> _WORK INSTRUCTION_:
Although the data holds pictures, return only the lines from the one containing "MSGM Camicia A Righe - Light blue シャツ" to the end, exactly, and without them.

> _DATA SECTION_:
>>>>>

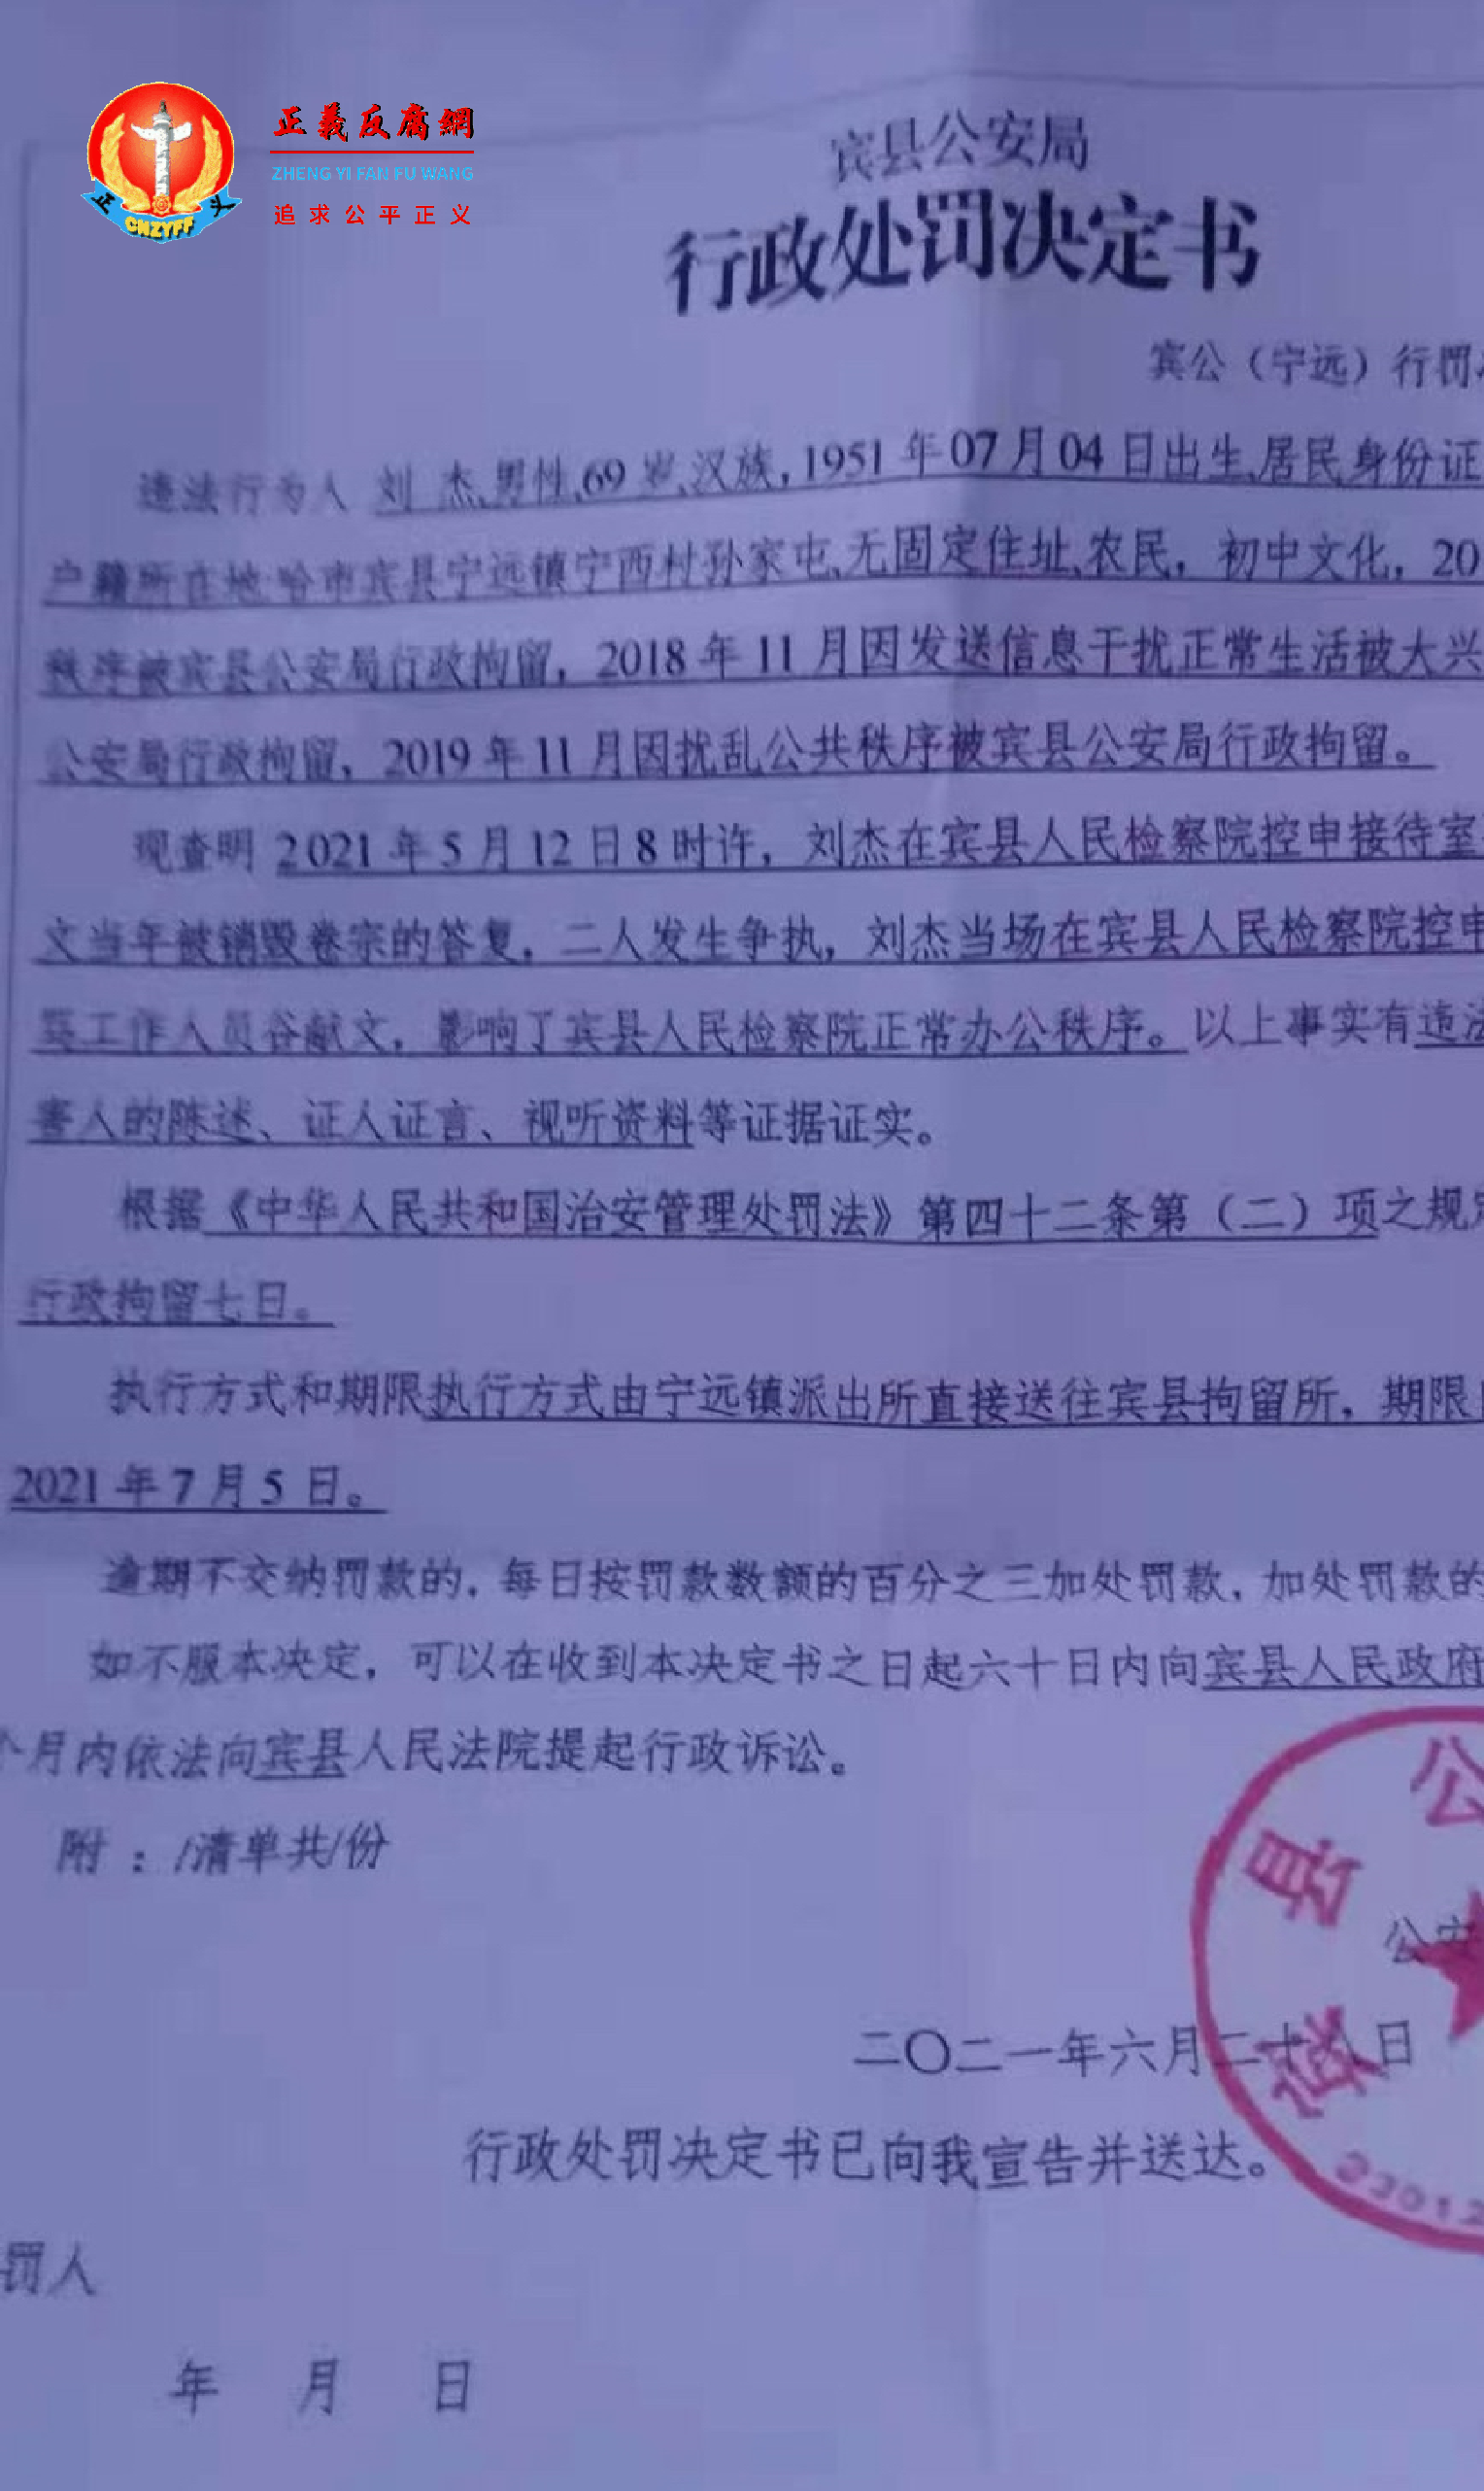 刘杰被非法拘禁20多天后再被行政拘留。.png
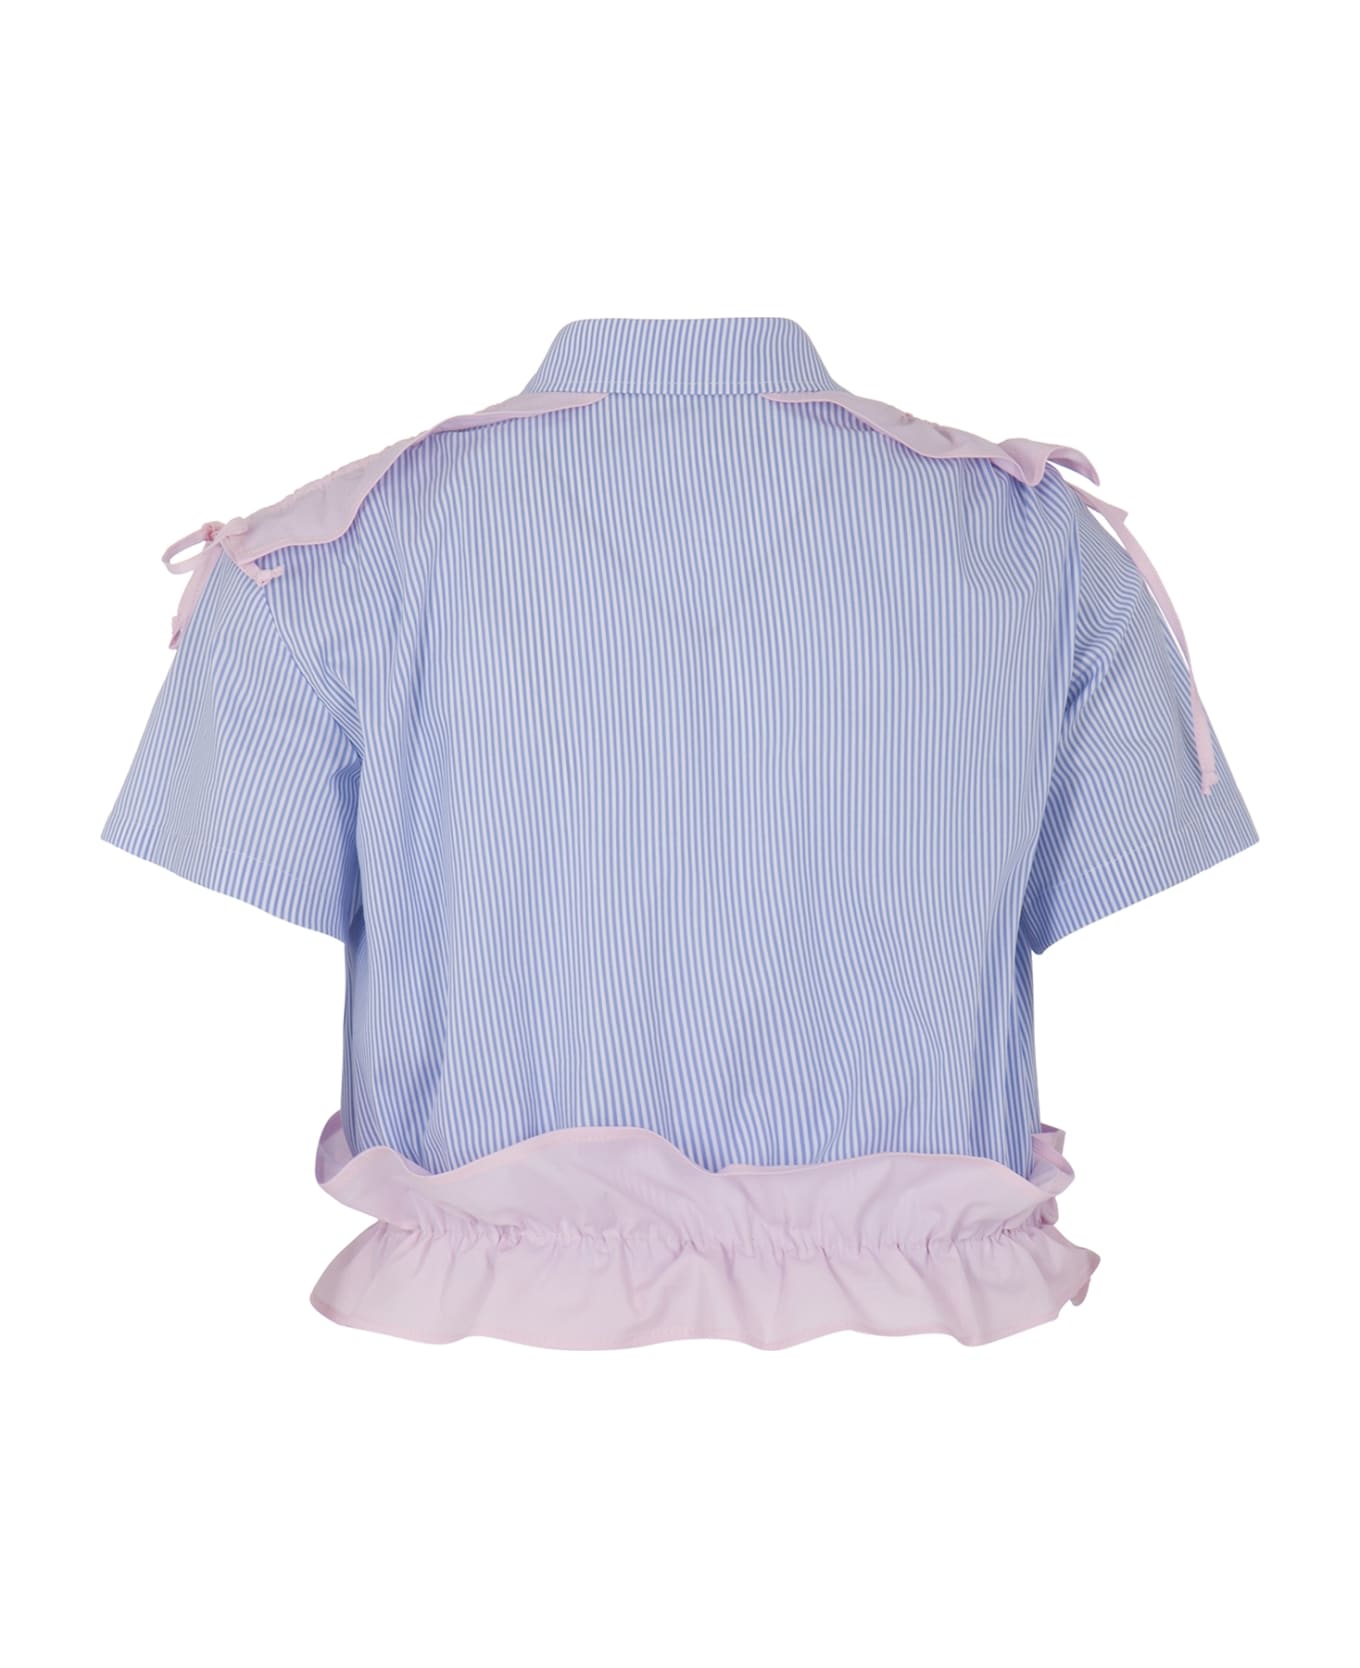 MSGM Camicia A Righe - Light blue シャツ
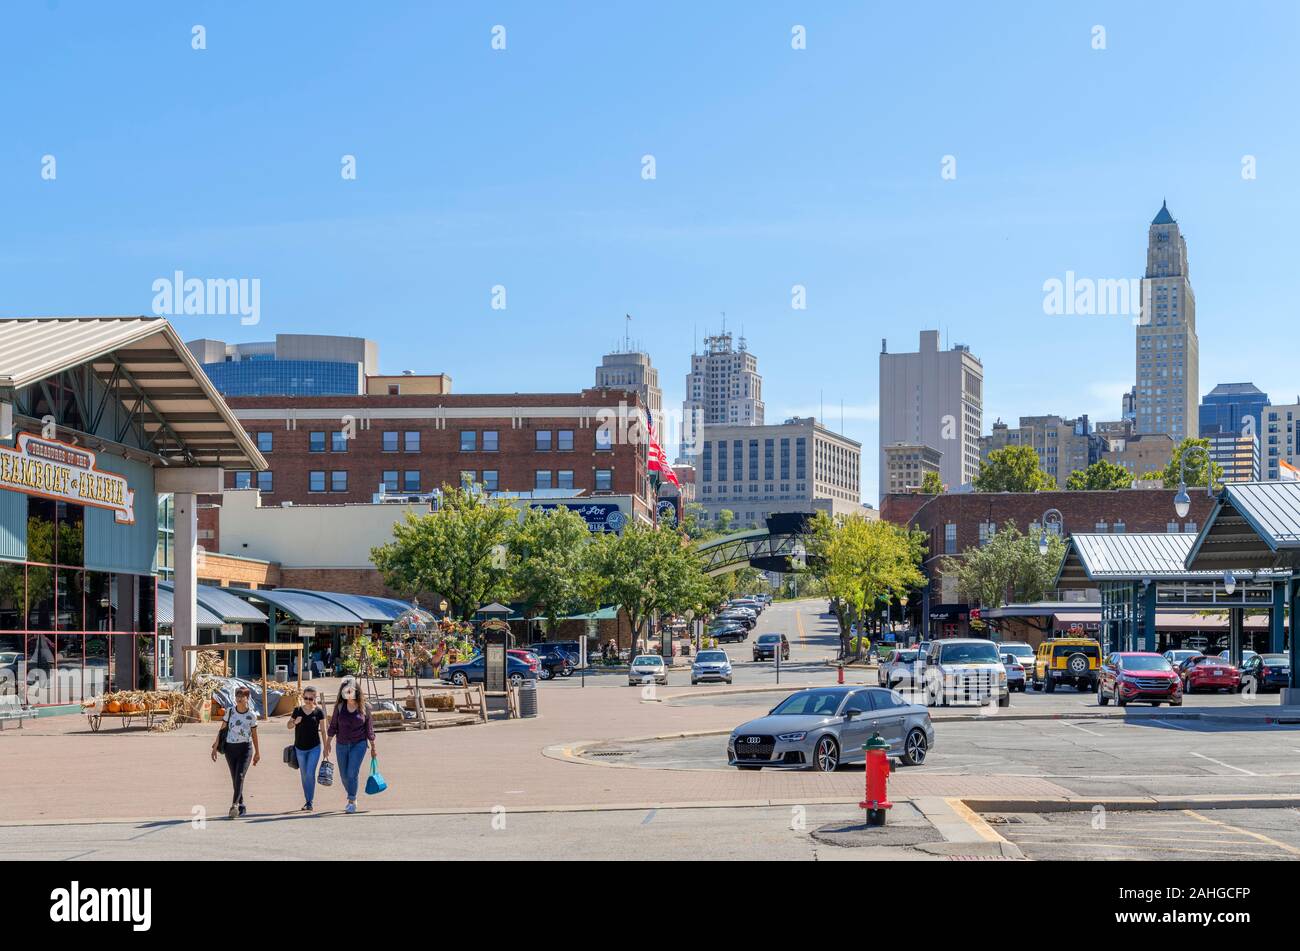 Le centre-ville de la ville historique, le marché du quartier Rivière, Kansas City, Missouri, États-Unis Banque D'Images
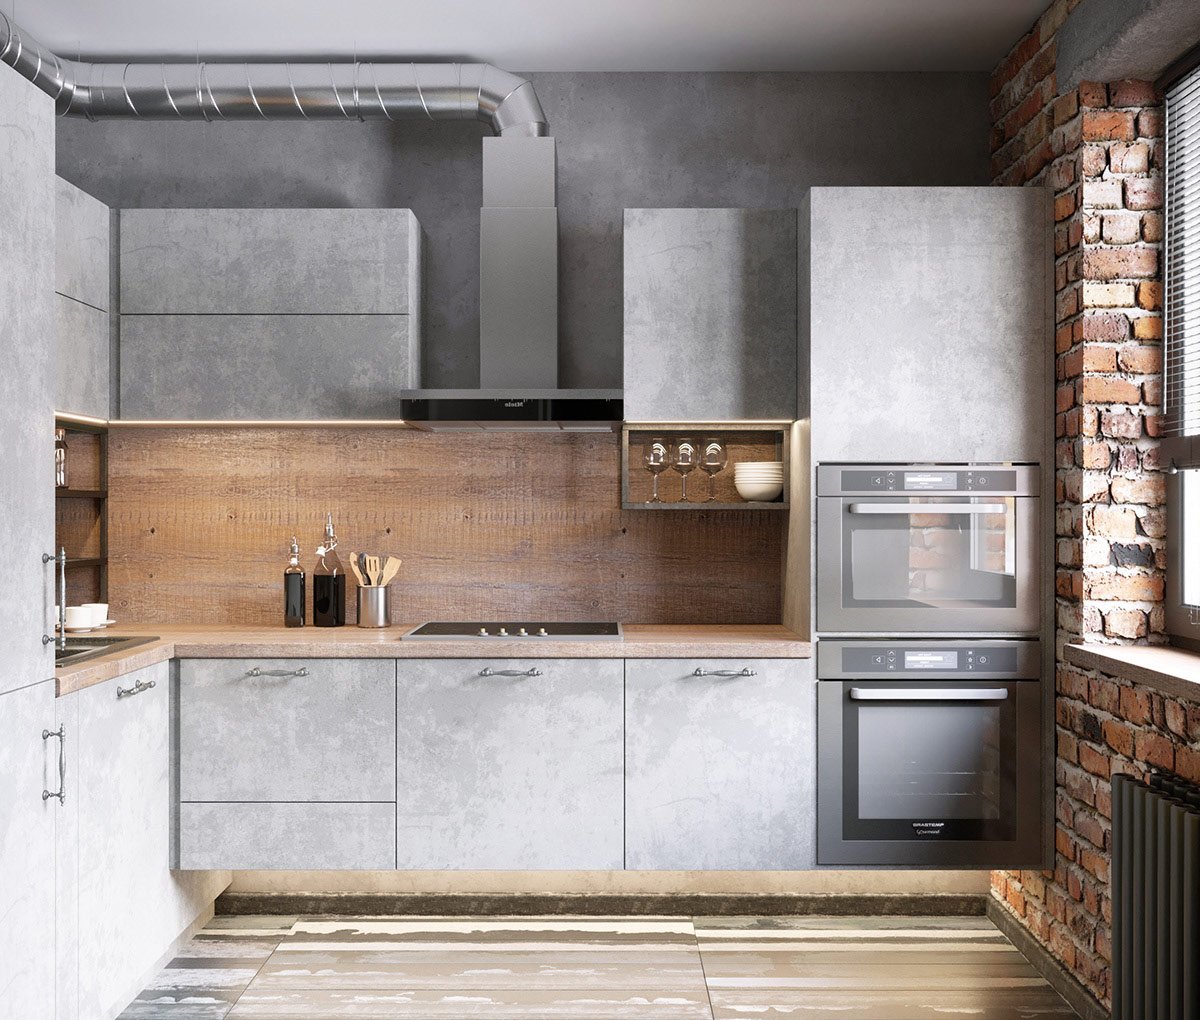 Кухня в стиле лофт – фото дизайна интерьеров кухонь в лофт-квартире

<<<<<

> _RESPONSE TO THE TASK_:
 MSGM Camicia A Righe - Light blue シャツ
 Le centre-ville de la ville historique, le marché du quartier Rivière, Kansas City, Missouri, États-Unis Banque D'Images
 Кухня в стиле лофт – фото дизайна интерьеров кухонь в лофт-квартире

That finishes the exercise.